═════ PROVIDED INFORMATION

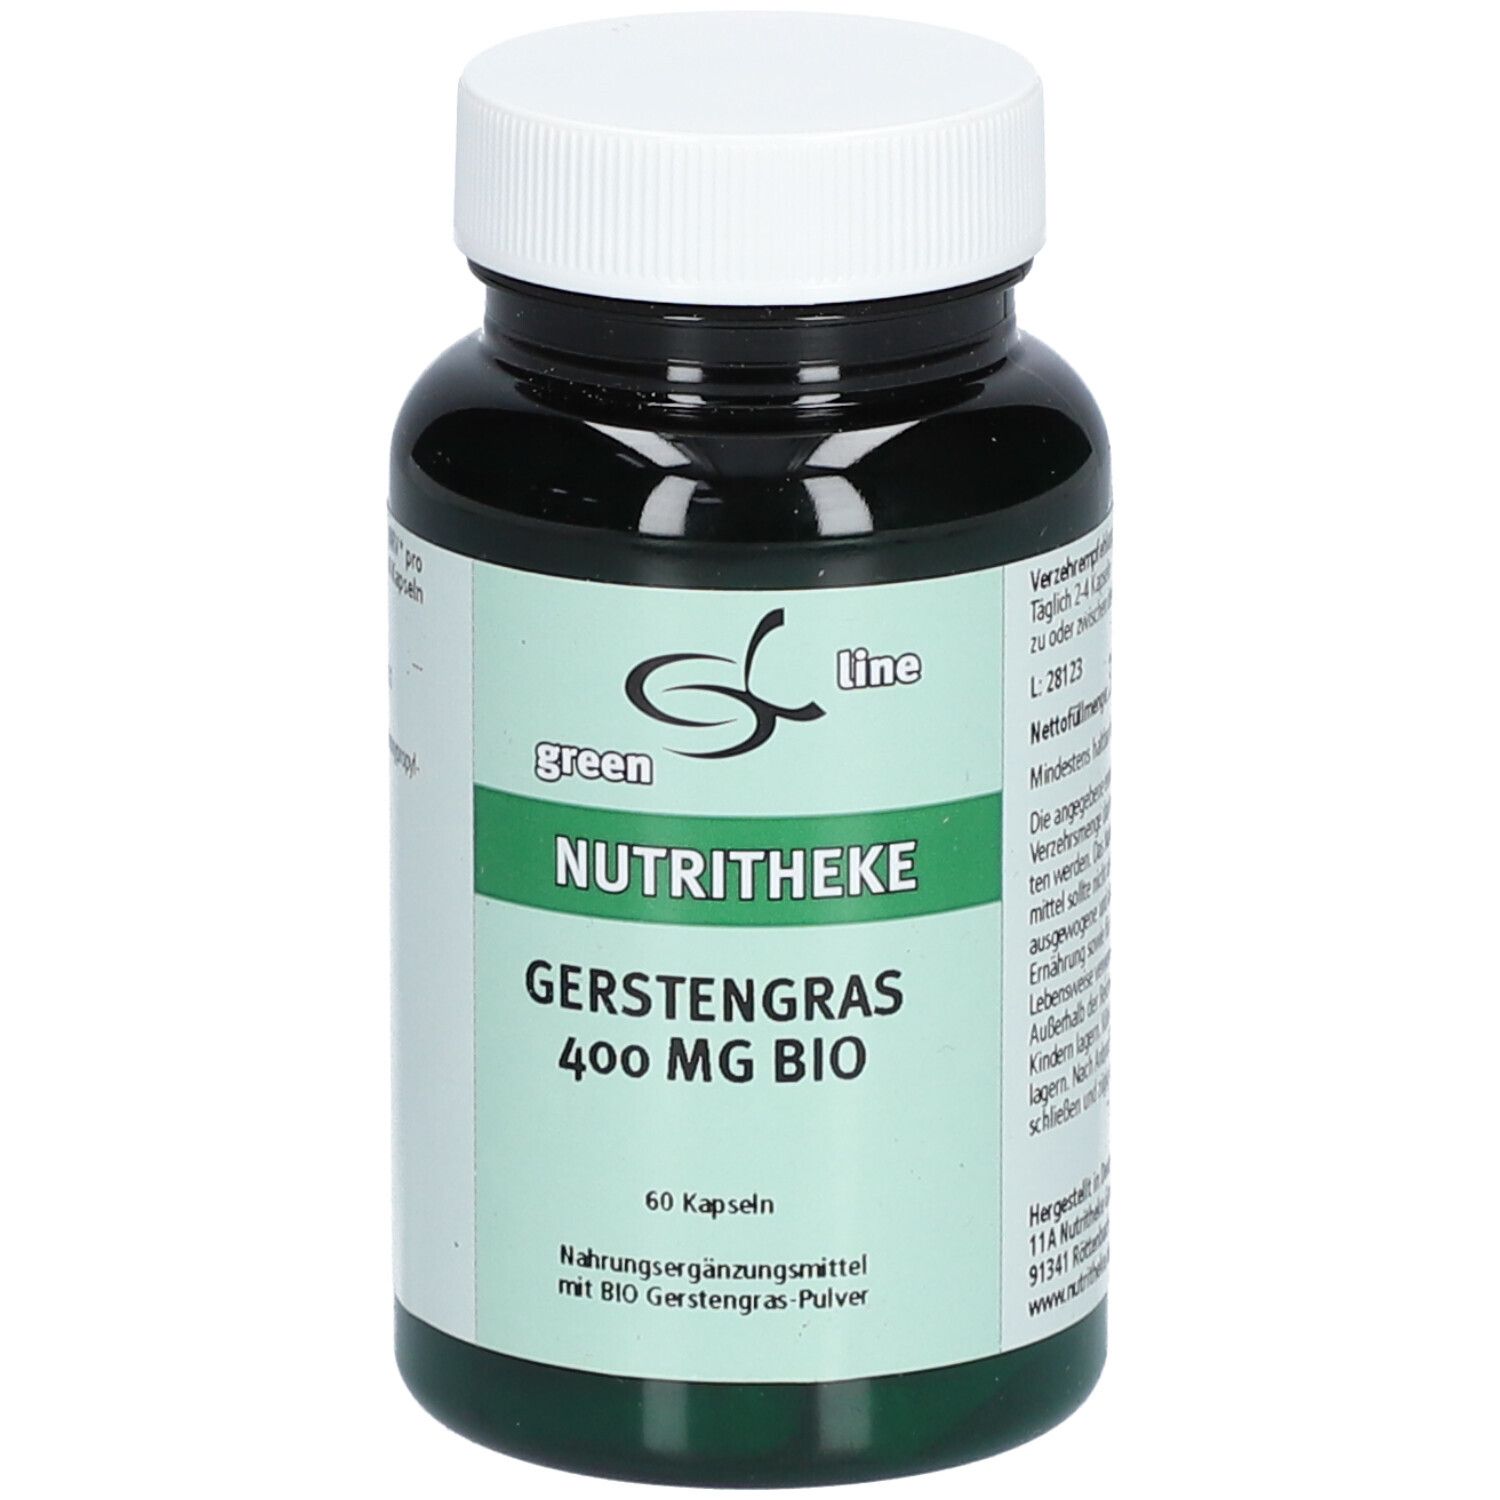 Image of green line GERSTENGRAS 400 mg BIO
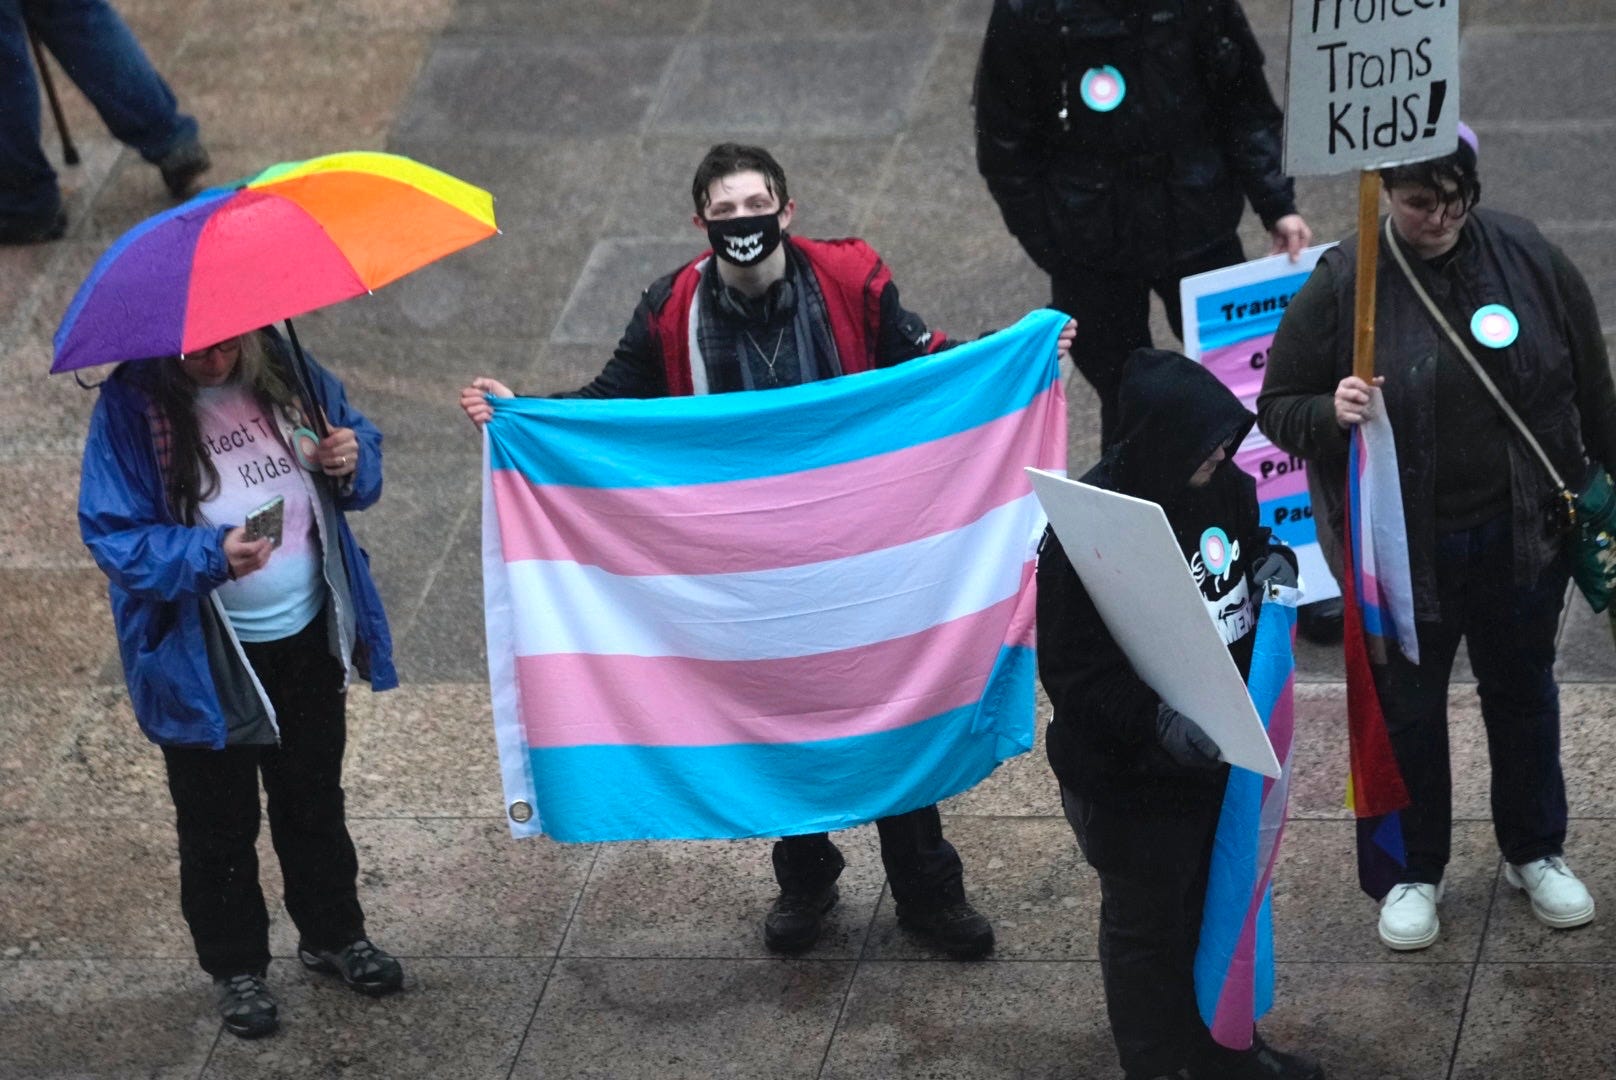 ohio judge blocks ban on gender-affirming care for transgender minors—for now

══════════
═════ PROVIDED INFORMATION

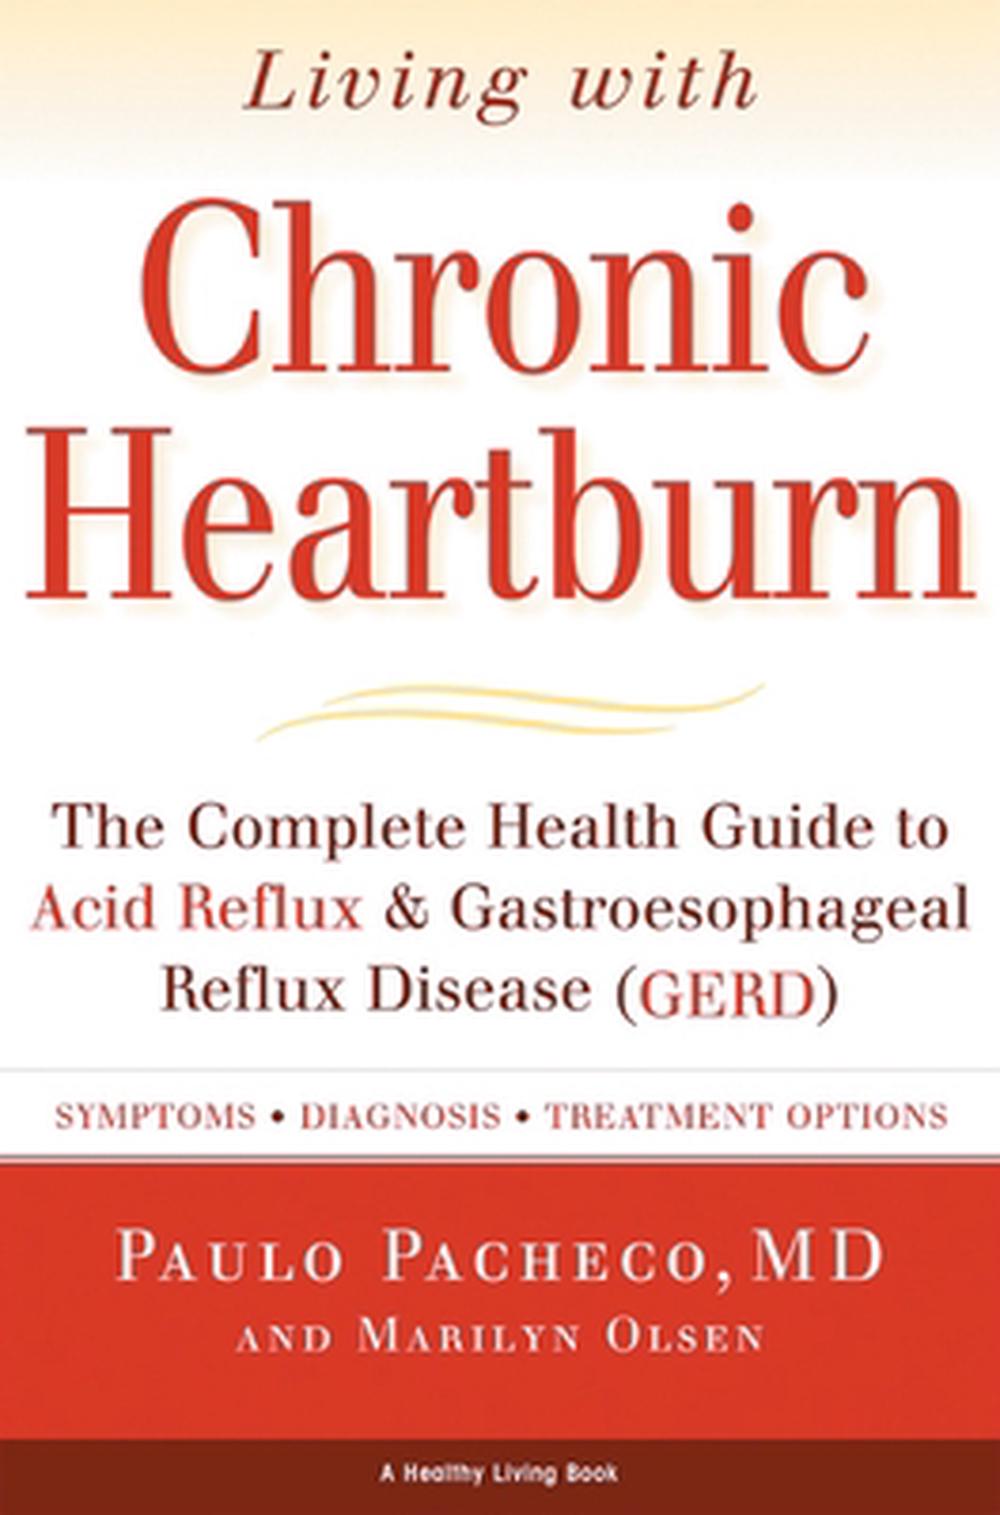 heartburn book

══════════

GOAL OF THE EXERCISE –
All that should be printed is the run of lines above from the one with "Image of green line GERSTENGRAS 400 mg BIO" through the one with "ohio judge blocks", both included, exactly as given, with pictures left out.

SOLVED PROBLEM –
 Image of green line GERSTENGRAS 400 mg BIO
 ohio judge blocks ban on gender-affirming care for transgender minors—for now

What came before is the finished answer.